For relationship to work, it is required that the parties involved should work it out themselves and take responsibilities both individually and collectively. The relationship you envy did not fall from heaven, they also had to put in work in theirs even at the point where it seemed to be rough, so why not put in work on your own?
What makes people easily disappointed in relationship is the expectation of perfection and when it is not forthcoming, they will lose interest in the relationship. Well, you need to realize that, just like you, your partner is not perfect and they are not without flaws. When you understand this, you will lower your expectations and work with them towards becoming better.
When you always compare your weak points with someone else's highscore and their strengths, you will not improve on your weakness.

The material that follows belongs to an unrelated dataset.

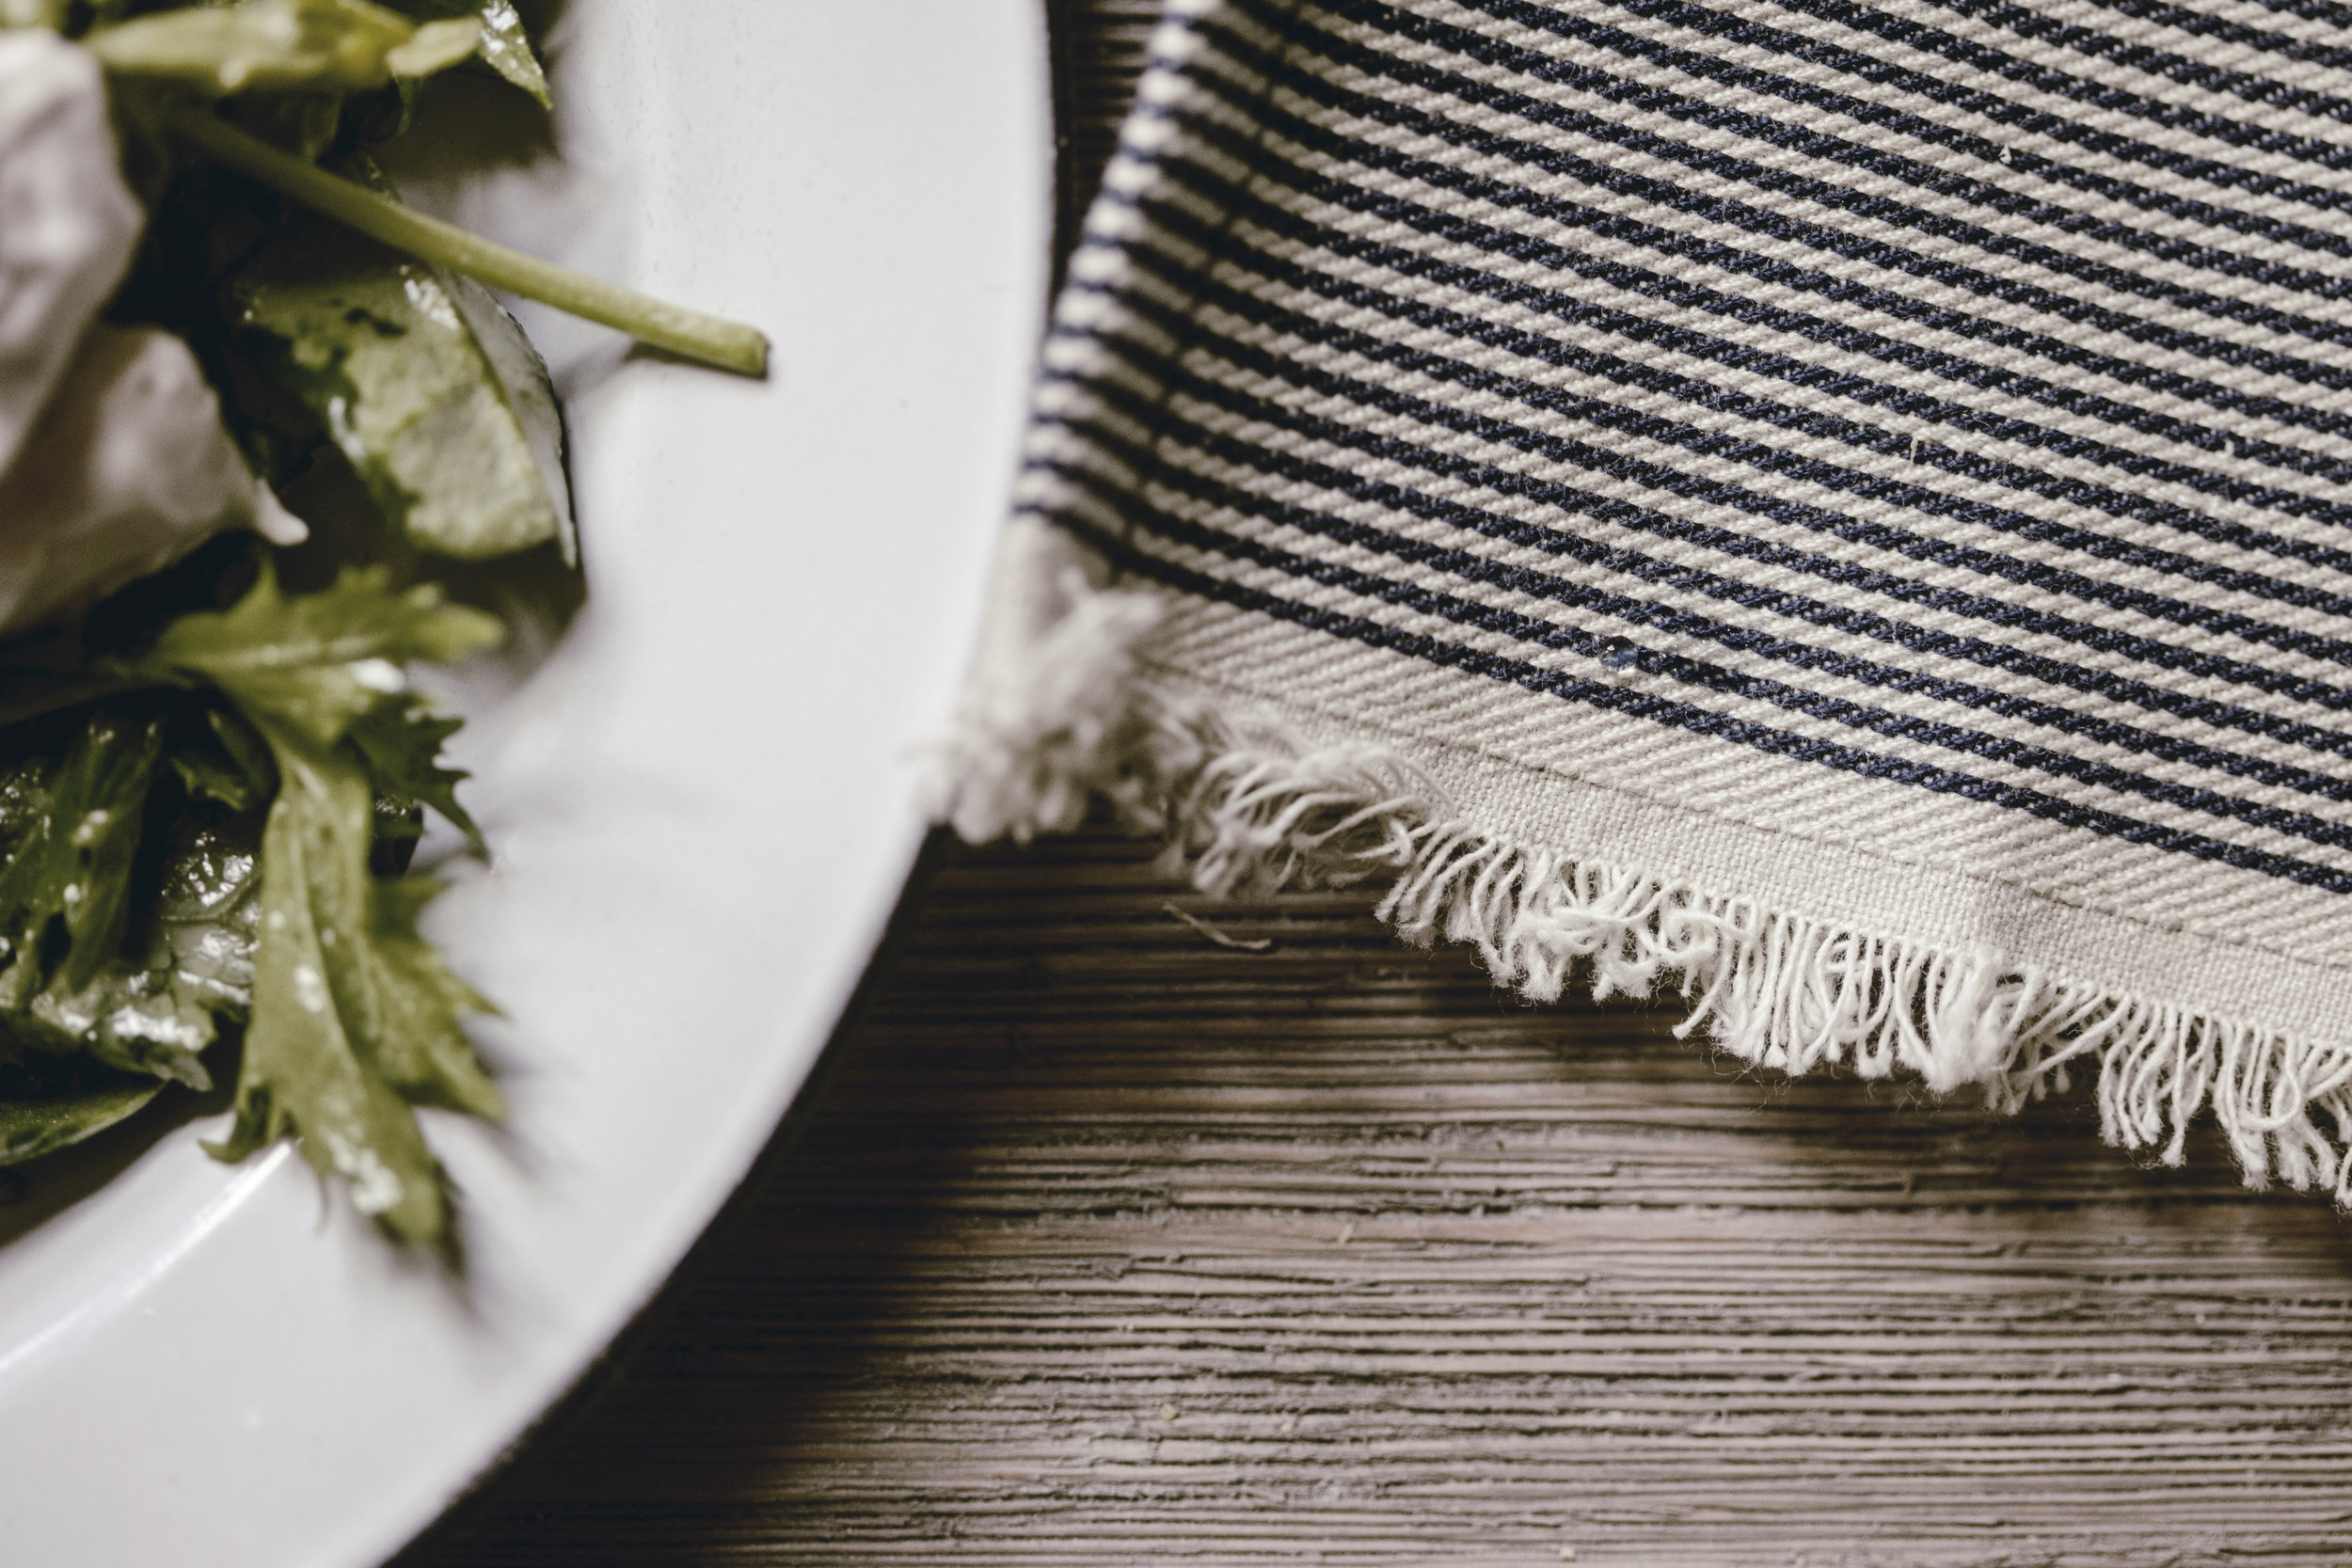 detail of selvedge edge railroad stripe tea towel / heirloomed

What you should be more concerned about is not to become like someone else nor to beat their strengths but to improve on yourself. If you beat someone's record but you have not beaten your own record, then you have not improved.

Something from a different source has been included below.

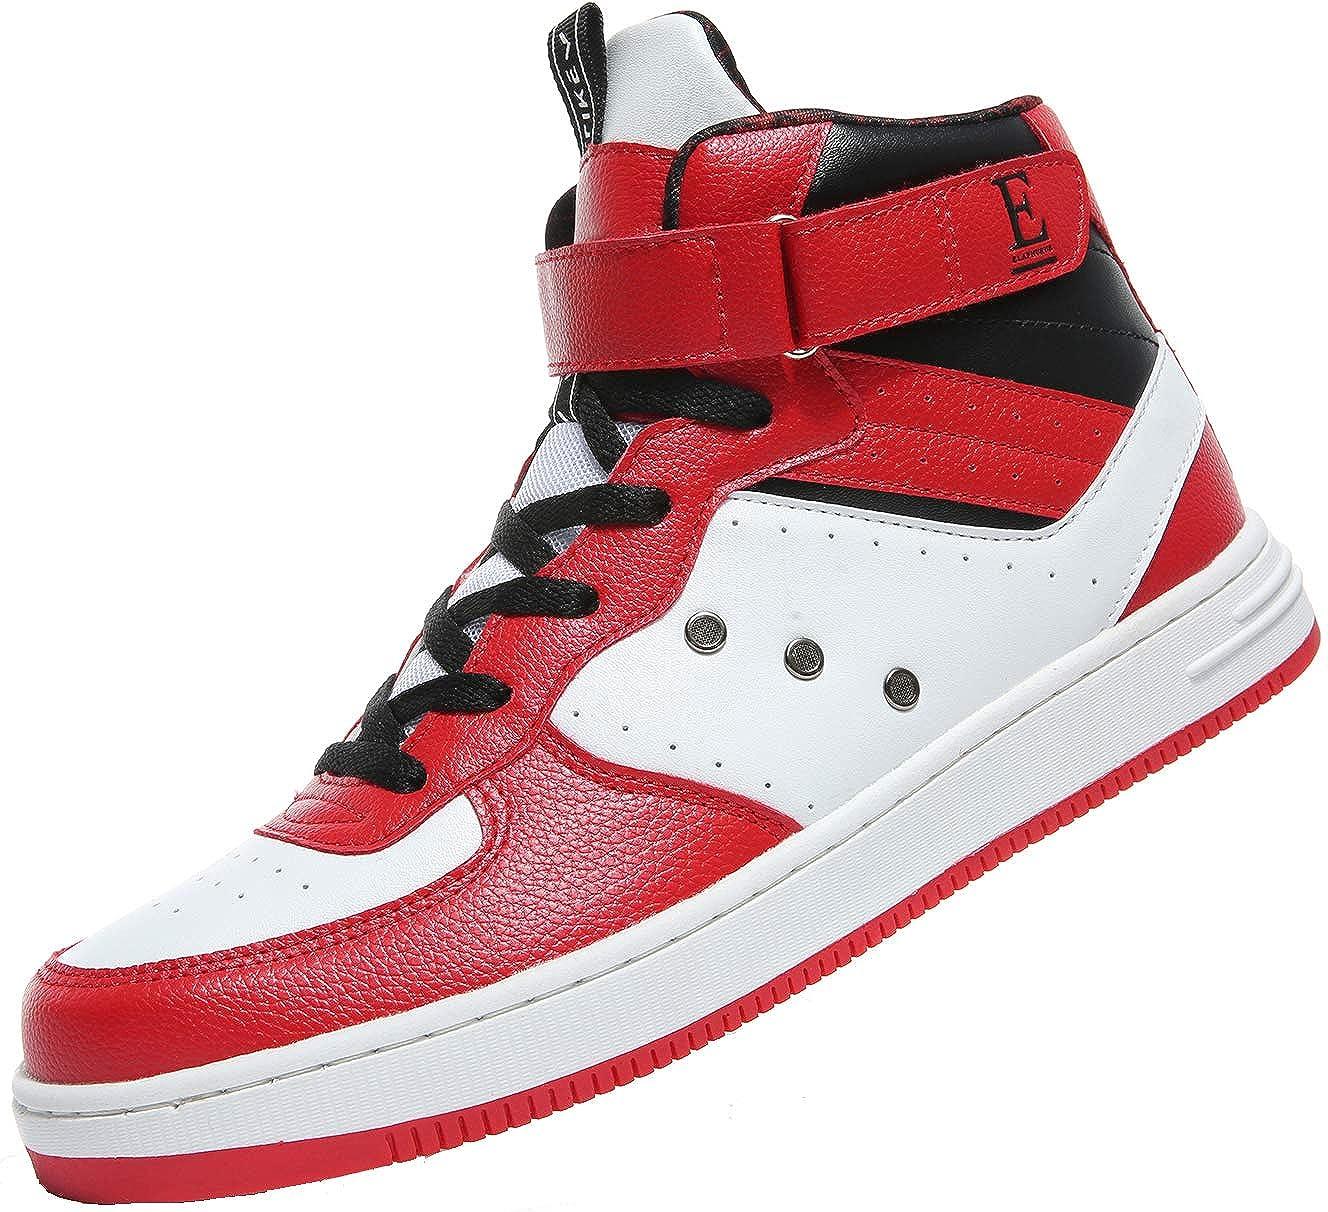 Chaussure de Skateboard Homme Basket Mode Chaussures de Sports Course Sneakers Fitness Gym athlétique Outdoor Casual

Just like everyone is different, relationships should also differ in approach and what applies to one should not be made a standard for others. When you understand this, you will focus more on building your own and not being a spectator to other people's relationships.
Image from Pixabay
Every time you set others as standards and you move to become like them, the best you can come up with is a second version of that person and not the original. In the same way, when you lose focus from your own relationship to focus on others, your originality may be lost. One thing you should always have in mind is that the success or failure of your relationship is a result of the responsibilities you take or do not take.